#### [Work instructions]
Repeat only the lines below from the one containing "Nuevo disco de" through the one containing "a man walking across a street in the rain", inclusive, exactly as written.

#### [Exercise data]

..........

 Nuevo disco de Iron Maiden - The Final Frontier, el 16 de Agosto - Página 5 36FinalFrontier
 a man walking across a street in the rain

..........

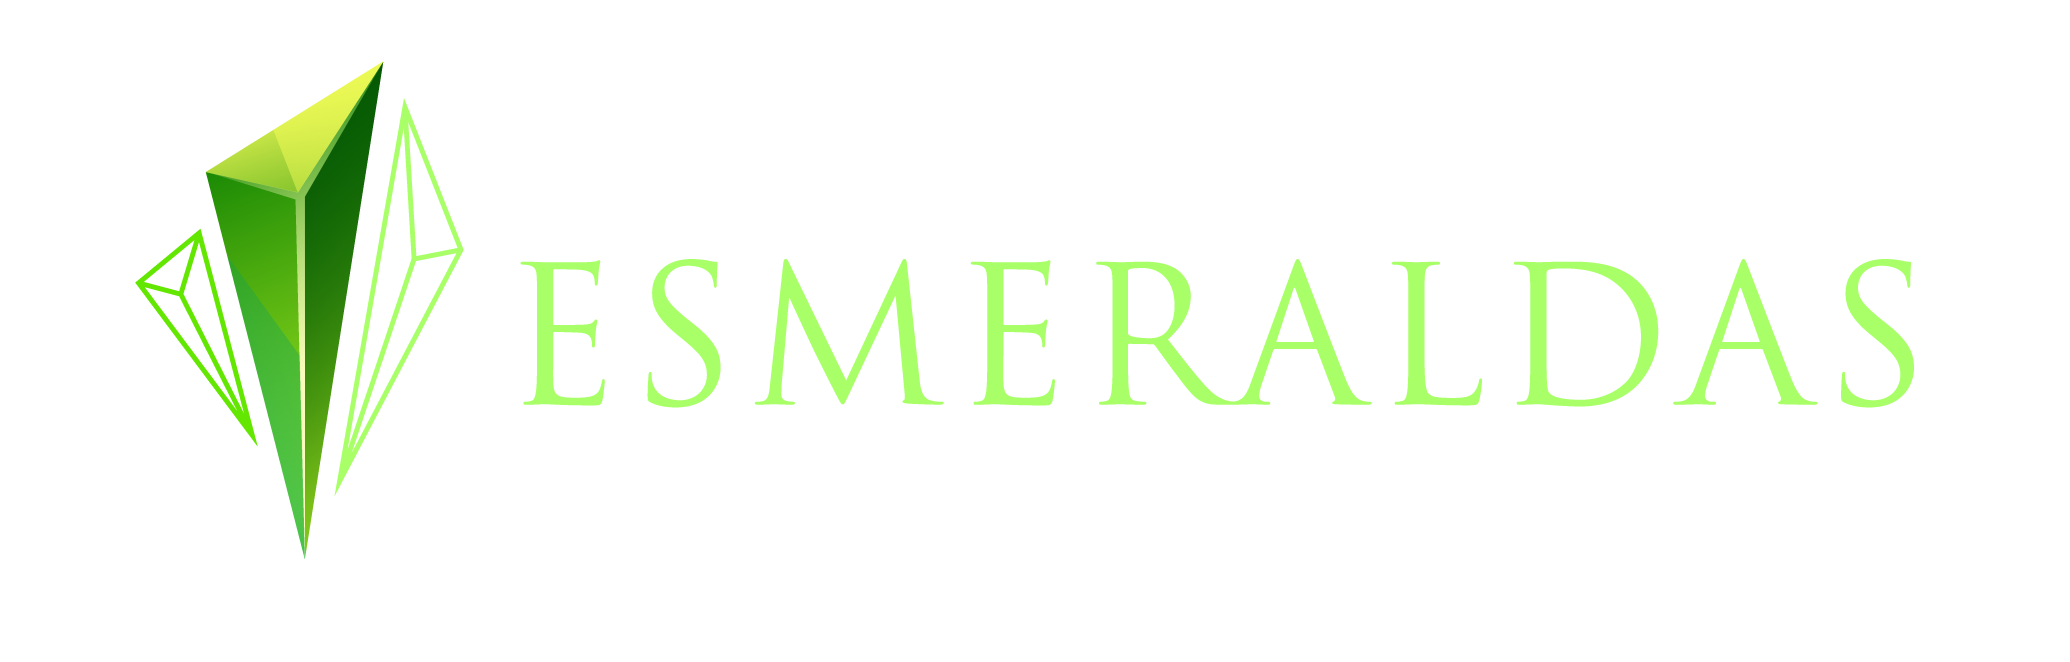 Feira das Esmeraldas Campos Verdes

..........

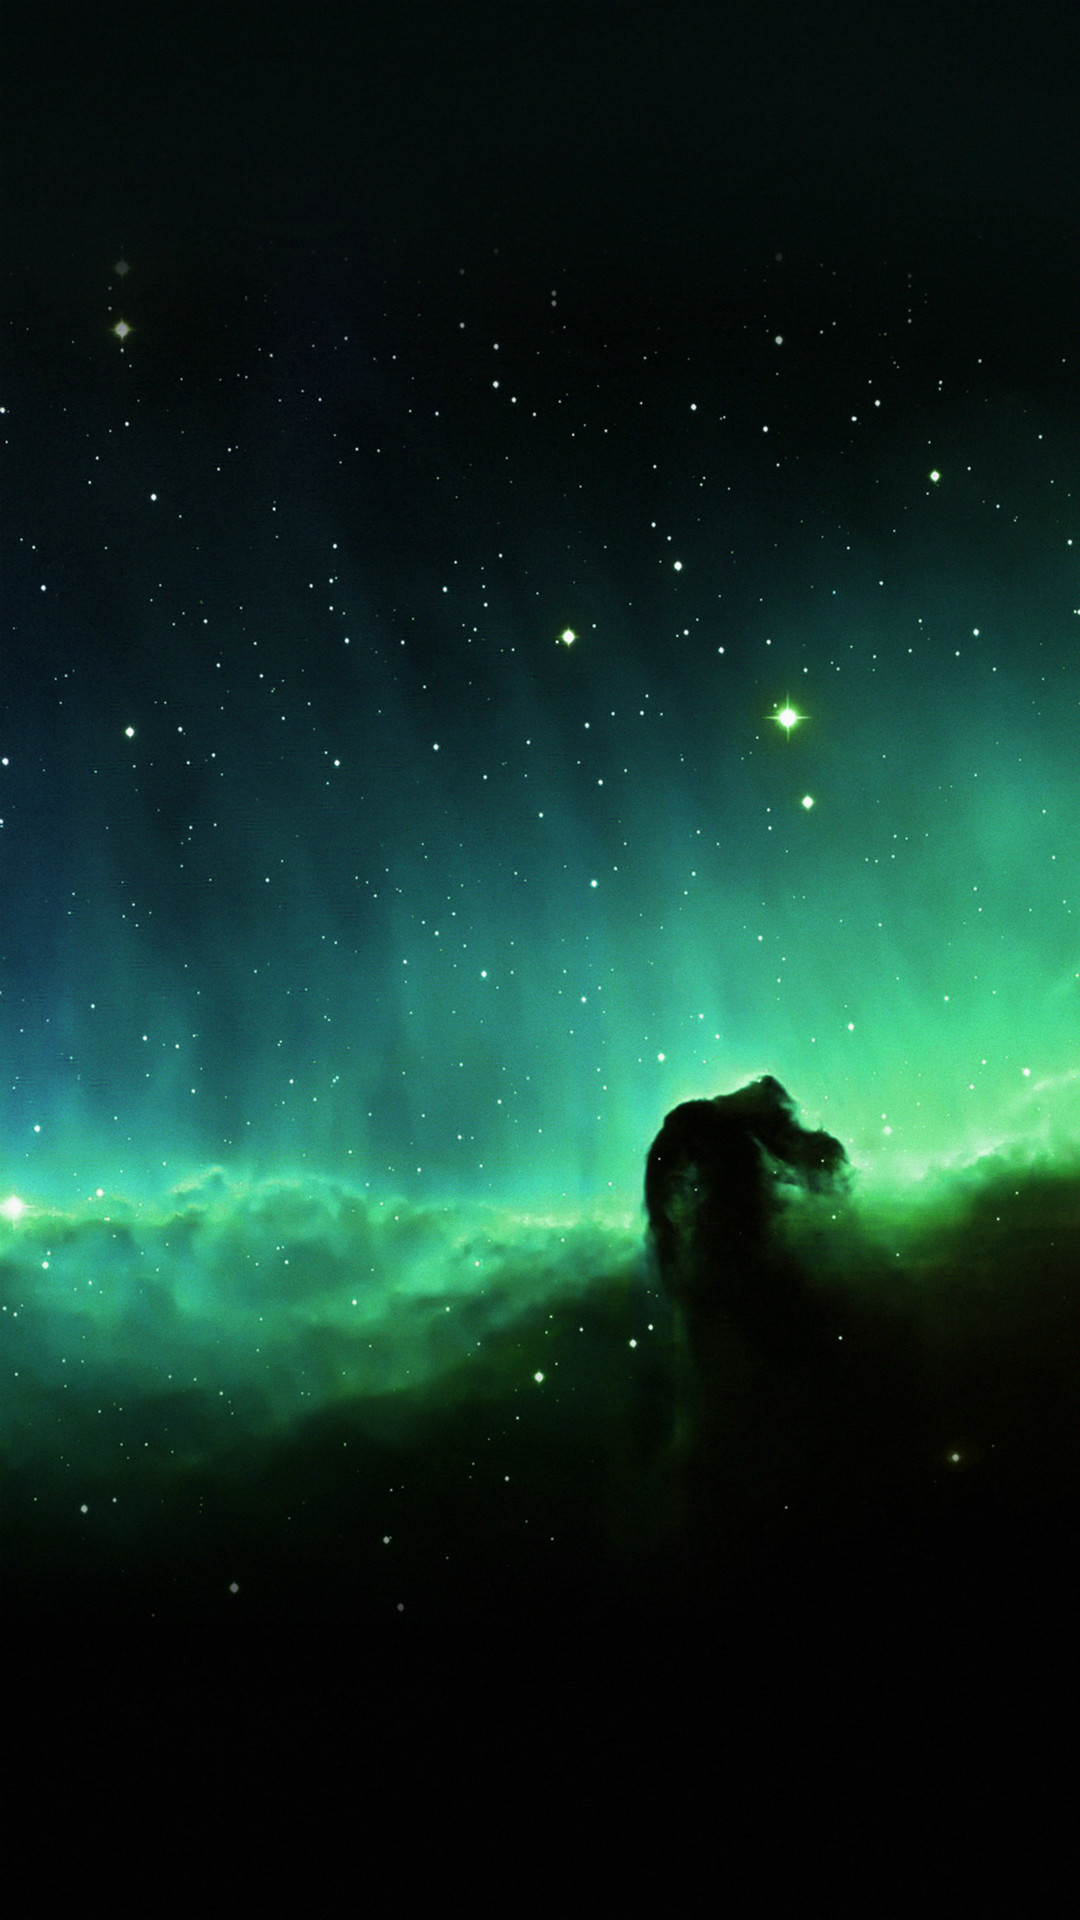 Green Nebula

..........

#### [Task answer]
 Nuevo disco de Iron Maiden - The Final Frontier, el 16 de Agosto - Página 5 36FinalFrontier
 a man walking across a street in the rain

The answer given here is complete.